He became convinced that there was a relationship between the five regular solids and the structure of the known solar system. His first work on Astronomy, Precursor of Cosmographic Dissertations or the Cosmographic Mystery, published in 1596, brought him to the attention of Tycho Brahe and Galileo. Banished from his homeland by an edict against Protestants in 1598, Kepler eventually ended up in Prague, where he worked under Tycho. On Tycho’s death, Kepler took over his post and inherited Tycho’s massive archive of observations.
Johannes Kepler published Harmonies of the World in 1619. This was the summation of his theories about celestial correspondences, and ties together the ratios of the planetary orbits, musical theory, and the Platonic solids. Kepler’s speculations are long discredited. However, this work stands as a bridge between the Hermetic philosophy of the Renaissance, which sought systems of symbolic correspondences in the fabric of nature, and modern science.
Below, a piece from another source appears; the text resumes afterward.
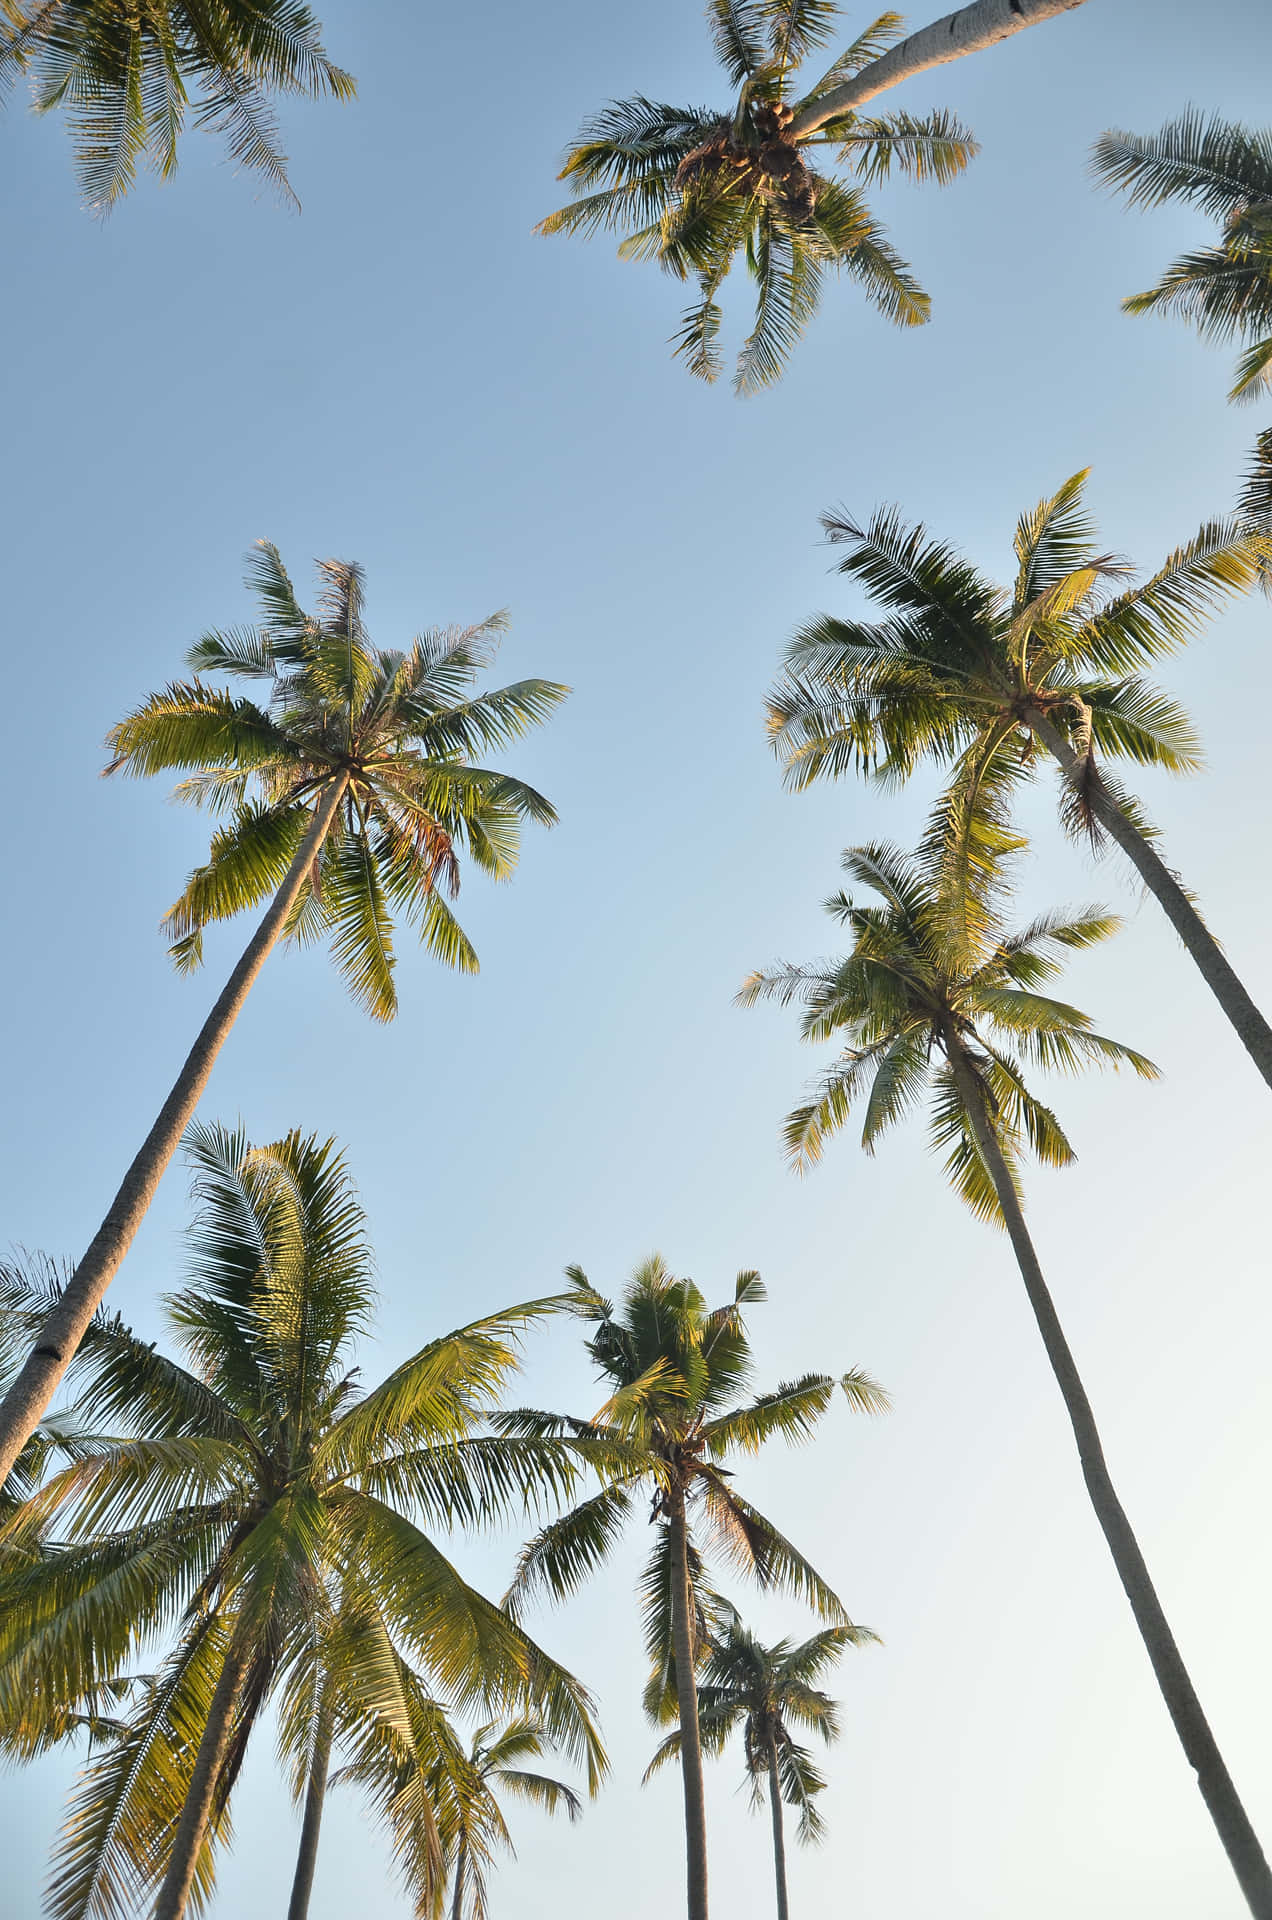 A lush, lush palm tree, perfect for a sandy beach getaway. Wallpaper
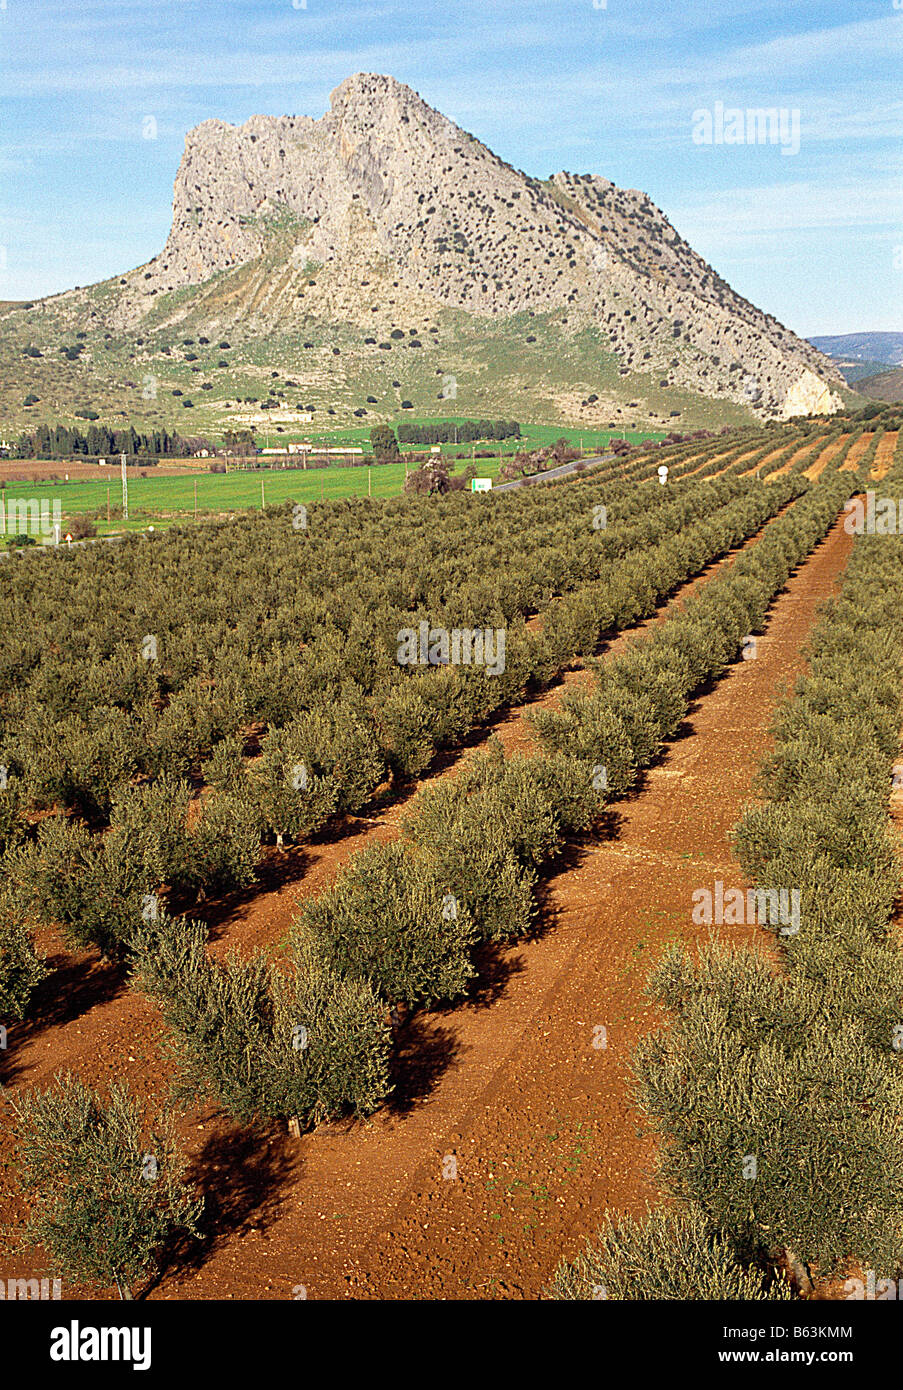 Olive groves and Peña de los Enamorados. Antequera. Malaga province. Andalusia. Spain. Stock Photo

And today, we finally have heard the music of the spheres: data from outer system probes have been translated into acoustic form, and we can listen to strange clicks and moans from Jupiter’s magnetosphere.
Towards the end of Harmonies Kepler expressed a startling idea,–one which Giordiano Bruno had been persecuted for, two decades before–the plurality of inhabited worlds. He muses on the diversity of life on Earth, and how it was inconceivable that the other planets would be devoid of life, that God had “adorned[ed] the other globes too with their fitting creatures”.